We’re meeting Rosie in Langley’s off Covent Garden, in time for the cocktails happy hour. It’s one of my favourite places to go, not only because about six or seven months ago it was the place to be (I think it was anyway, I first came here during the summer) but because I love the metallic, retro feel of the place.
I have got an unformed idea that Jackson, three or four cut-price Cosmos and I might go down pretty darn well on the dance floor later on in a Saturday Night Fever kind of way. I wouldn’t want to brag about my disco-dancing prowess but I reckon people must think I’m pretty good, they certainly always stare at me when I’m shaking my stuff to ‘Yes Sir, I Can Boogie’.
Rosie is late, and so I offer to order Jackson and me our first drinks at the bar and leave Kevin and Brian to fight over who gets to buy Carla a drink. As Jackson and I break away from them I feel Carla’s hungry little eyes follow us through the crowd. Nul point, Carla love.
The bar is crowded, about four or so people deep thronged in a dense mix of suited salesmen, Red-or-Dead-and Diesel-clad media girls and those who would have been models if only fate had made them taller, thinner and better looking, but who gamely sport the ‘fuck you’ pout anyhow.
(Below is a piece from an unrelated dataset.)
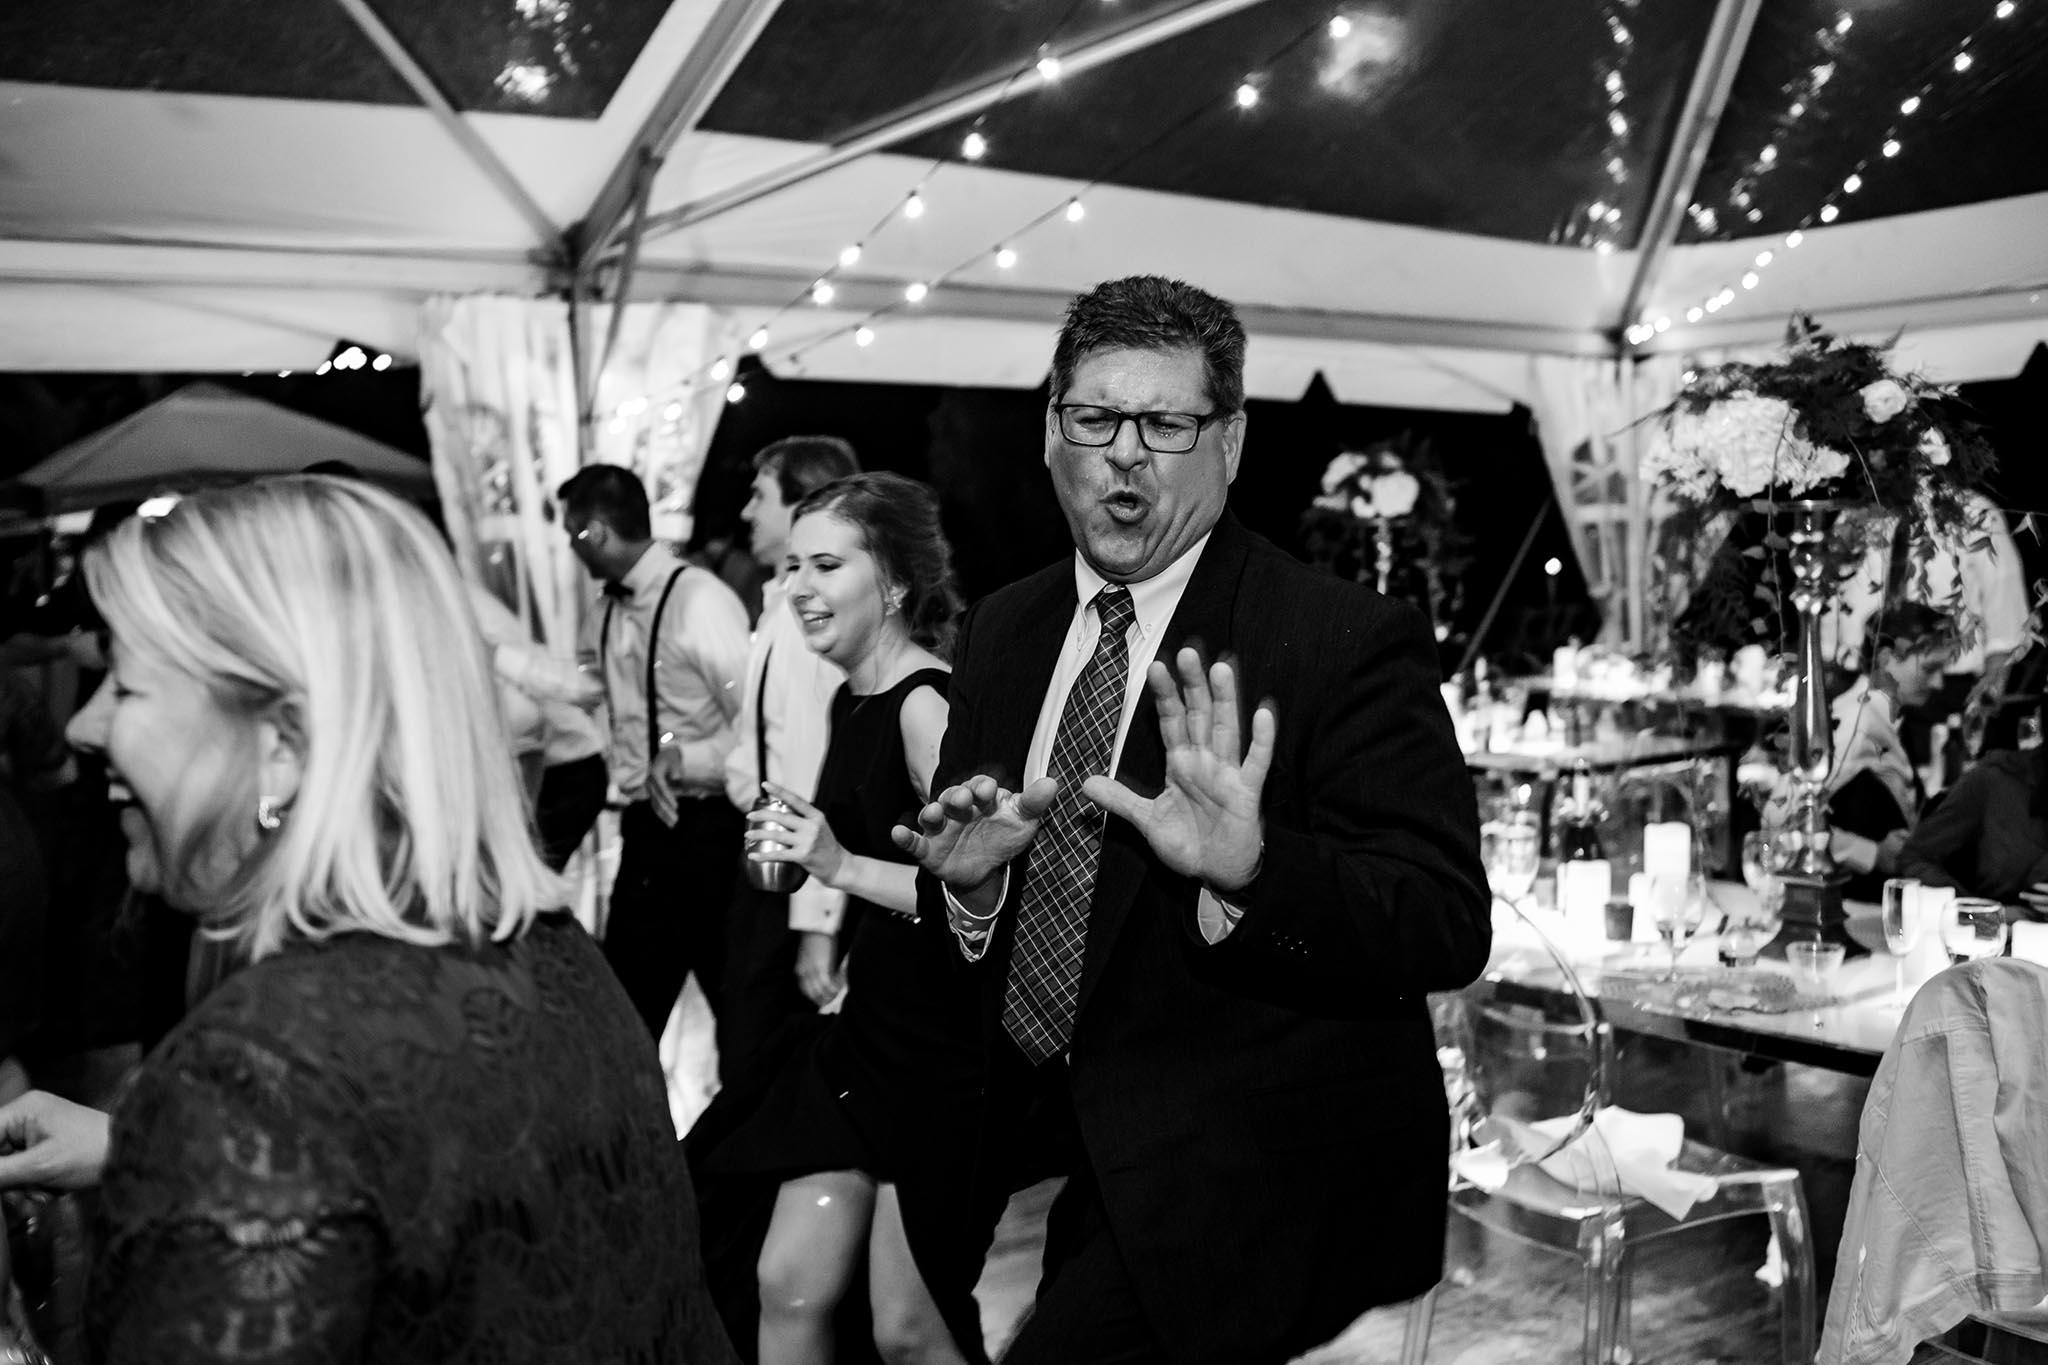 dancing on dance flor at wedding

The secret weapon that I have over pretty much all of these people is that even though some of them have been queuing for nearly ten minutes, I will almost certainly get served before they do. How? It’s simple. I squirm my way towards the edge of the bar, disarming normally competitive men by activating weapon ‘cleavage stun’ and negotiating feisty girls with a well-placed rib-bound elbow. When the target site is taken I stand on the foot rail that runs along the bottom of the bar with both feet and lean as far over it as I possibly can, exposing at least three inches of cleavage. Unless I’m very unlucky and the bar is entirely worked by mean-minded women or gay men I will be served straight away. Tonight is no exception. One guy, temporarily wrenched out of my thrall, mutters, ‘Bloody typical,’ under his breath but I’ve started a tab, left my card behind the bar and made my way back to our much-coveted table before he’ll even make it back to the bar’s edge.